Бургомистр вздохнул ещё раз:
— Конечно, мастер Вель. Конечно.
Селение стояло на торной дороге и называлось Хляби. За ним дорога разделялась. Торный путь заворачивал влево, в обход топей, а вперёд, в глубь трясин, вела извилистая тропа для рисковых. Кроме десятка покосившихся домишек, в Хлябях расположился постоялый двор для купцов и казённых людей. На вывеске значилось: «Сытый водяной». Бруно Вель потребовал лучшие покои и ужин. Насупленный хозяин сам прислуживал ему, гоняя мальчишку-поварёнка то за копчёными угрями, то за пивом.
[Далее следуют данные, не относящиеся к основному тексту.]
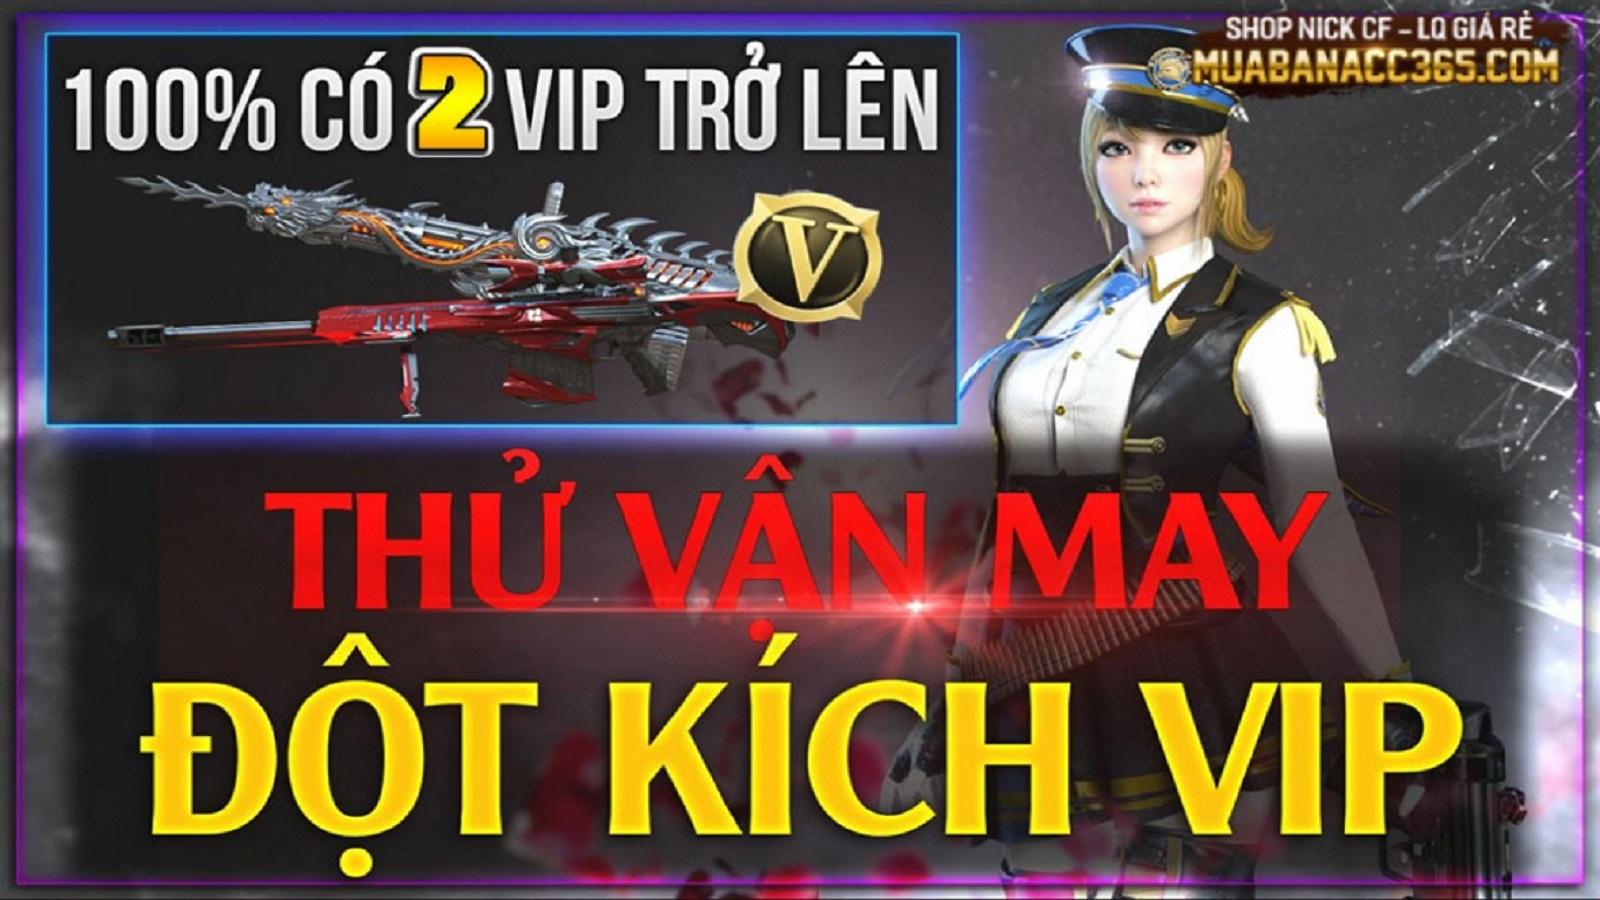 THỬ VẬN MAY ĐỘT KÍCH VIP 49K

— Согласно эдикту Короля от 7-го года, — бросил презрительно, когда трактиршик заикнулся об оплате.
Эдикт Короля касался только дворян и королевских волонтёров, но откуда ему знать, олуху?
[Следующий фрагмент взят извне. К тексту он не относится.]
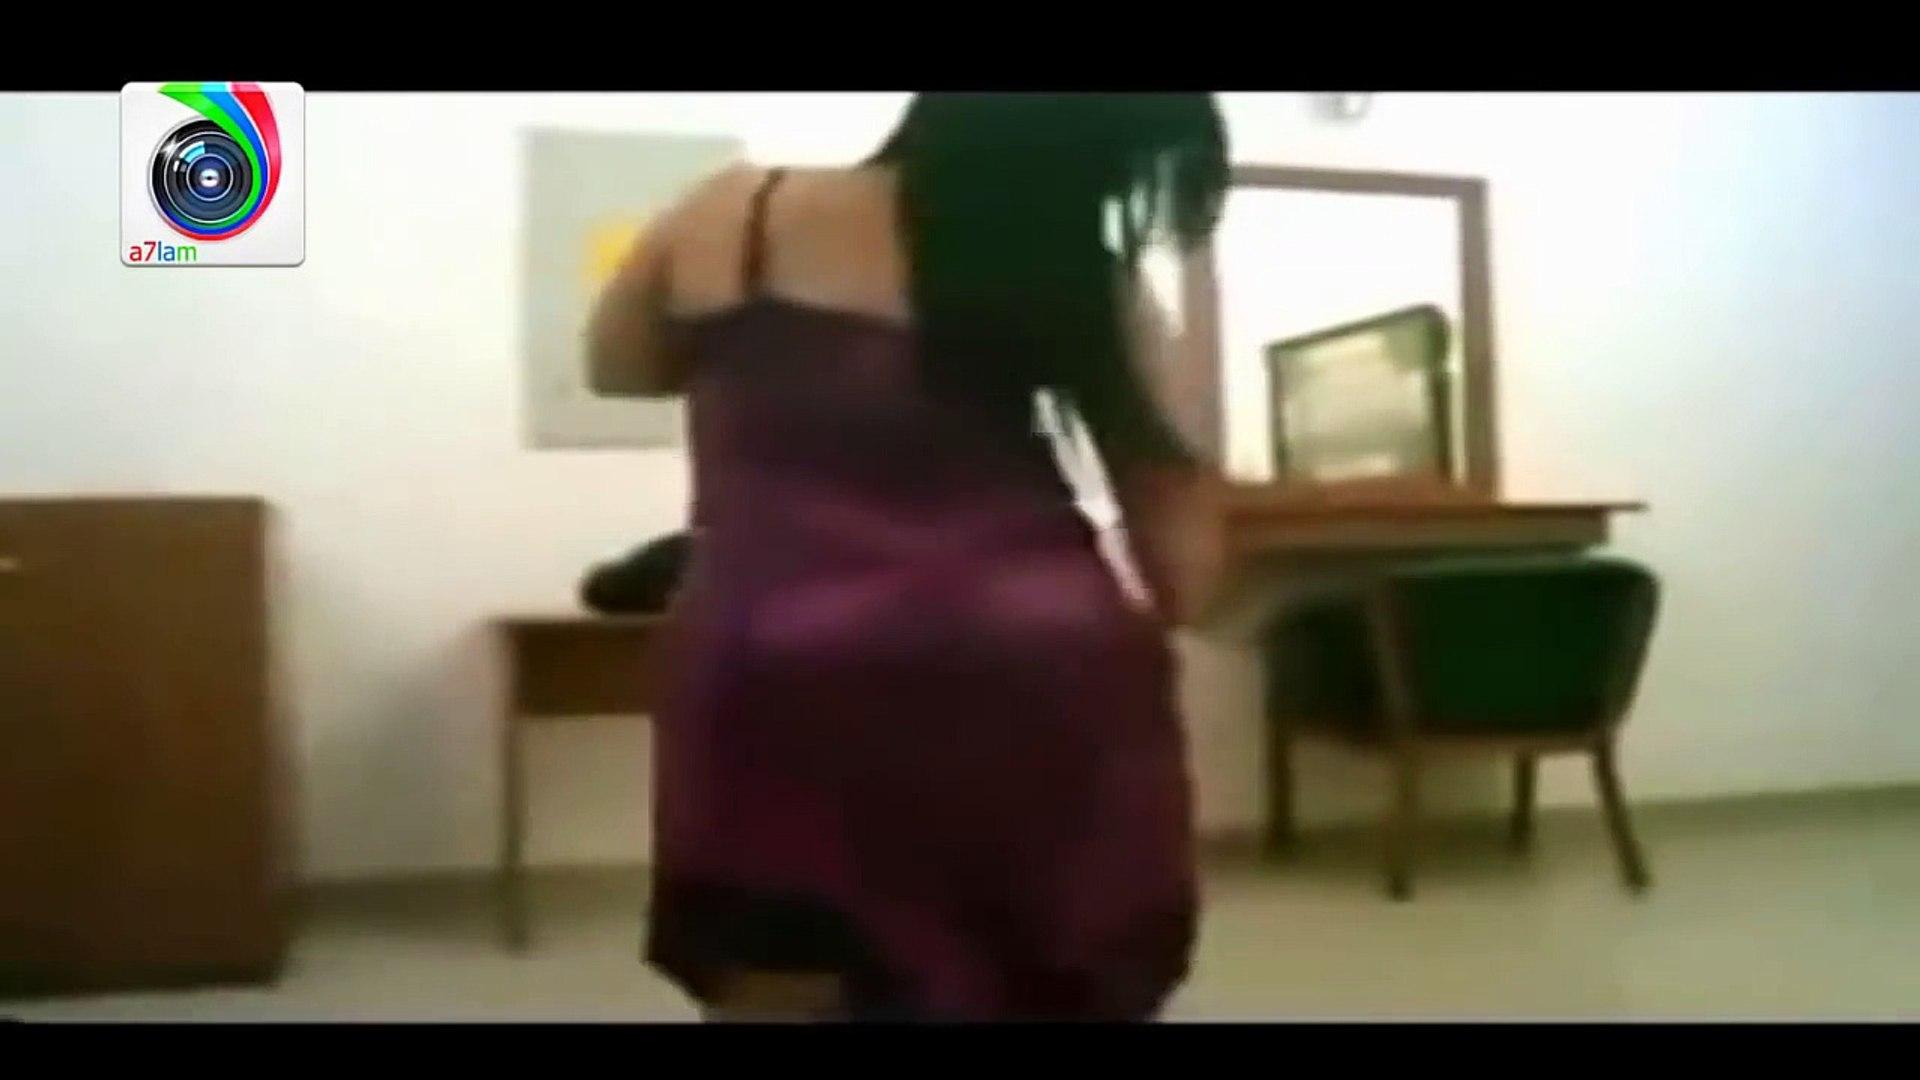 رقص خليجي سعودي منزلي رقص بنات فاحش منزلي رقص ملابس شفافة 2014

Хозяин вздохнул, но промолчал.
Наутро Вель выгнал молодую деваху, всю ночь согревавшую его ложе:
— Пошла прочь, дура неумытая! Пусть тебе бургомистр платит.
Оседлал свою лошадку и пустился в путь, не слушая криков и причитаний обманутой девки.
— Хватит выть! — оборвал её трактирщик. — Хорош он или плох, а на смерть поехал. Я потому лишь про деньги вспомнил, что больно он жрать силён. А уж тебе-то, эх.., — он махнул рукой и зашёл в дом.
Вель был далеко уже и слов этих не слышал. Услыхав же, удивился бы странным таким резонам, да посмеялся над сельским простодушием.
На развилке он поехал прямо. Скоро деревья вокруг помельчали, а под копытами Каурой зачавкало. Потянуло стоялой сыростью.
У кривого осокоря, чудом выросшего на болоте, Бруно спешился. Осмотрел внимательно обрывок повода на нижней ветке, постоял, прикрыв глаза и будто принюхиваясь, хмыкнул и привязал Каурую рядом.
— Я умнее, верно? — он ласково огладил лошадь между ушами. — Жди, хорошая! Задам тебе лучшего овса.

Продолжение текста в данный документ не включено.